Monday, April 22, 2013

Question for the Week of April 22-28: Laughably Bad Title

Has a movie title - and the title alone - ever made you just start laughing?
I haven't written about Sequel-itis much lately, but today's quick entry is just to highlight what happened to me when I heard the words: The Haunting in Connecticut 2: Ghosts of Georgia.


Honestly, it's been ages since George Lucas and Steven Spielberg retroactively renamed the first Indiana Jones movie so that it would have the words "Indiana Jones and" at the start of the title. I was upset that such a stupid little change was made in the name of branding and trademarks - at the very least, such marketing choices inspired a post that I'm still quite proud of. Yes, stupidity like this dates back to (at least) 1999.

And it's even clearer today that the desperate push for cash has Hollywood mining anything they can in order to guarantee that audiences snap up the latest product released into theaters. Again, I've covered this before, and it is not a new problem.

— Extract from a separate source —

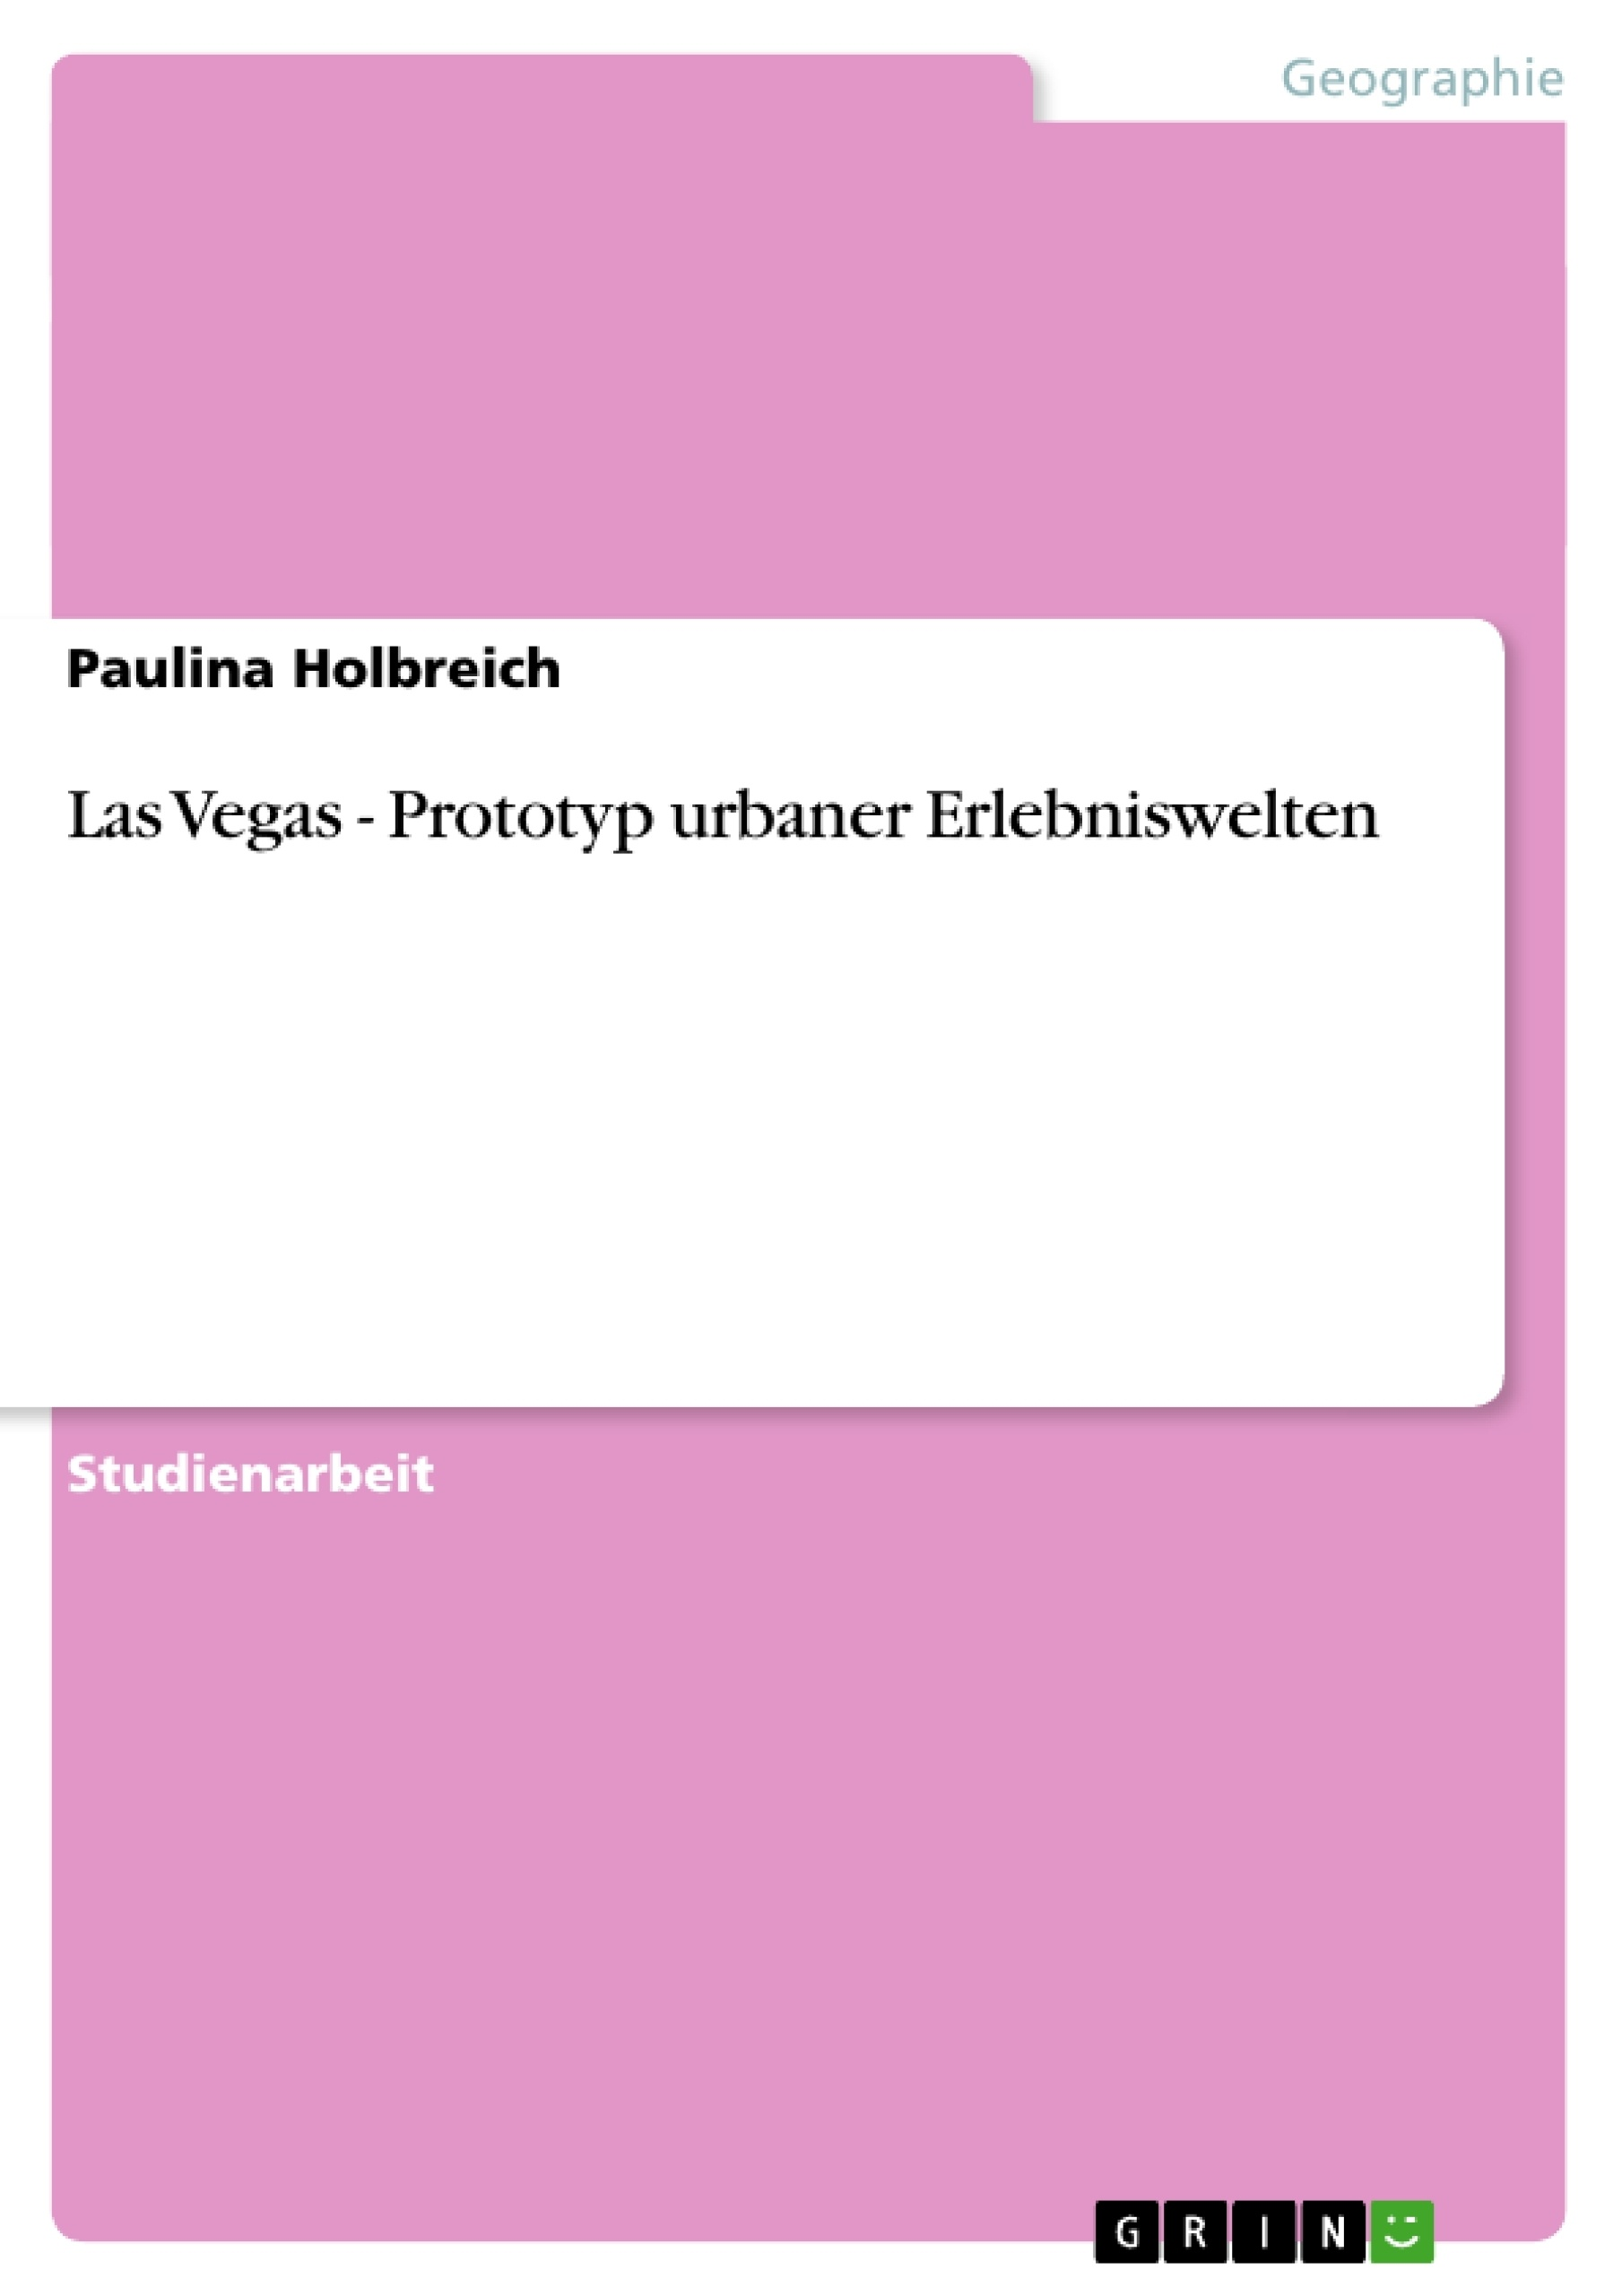 Titel: Las Vegas - Prototyp urbaner Erlebniswelten

Yet, despite how much this trend has only grown with time, I cannot help but marvel at the stupidity of a film title that evokes both Connecticut and Georgia. So you have the first part of an ostensible franchise, and it has one state name in the title. Then you make the sequel, and decide to... set it in another state? And then you don't notice how dumb it is to have both state names in the title of your picture? Talk about falling asleep at the wheel...

I suppose if this story involved ghosts that travel on highways - ooh, interstate ghosts! - then maybe this would work. It would certainly be great to see spirits hit the Welcome Center at Florida's border and try to drink a free glass of spectral orange juice. Perhaps they could stop at a weighing station and not measure themselves, go straight through a toll both with nobody noticing...

I hadn't even heard of this pic until last week, when ads for this monstrosity were plastered all over Youtube and other TV/film-streaming sites. It seems that the money that didn't go into making a quality picture was instead put into marketing. Yaaaaay-ugh.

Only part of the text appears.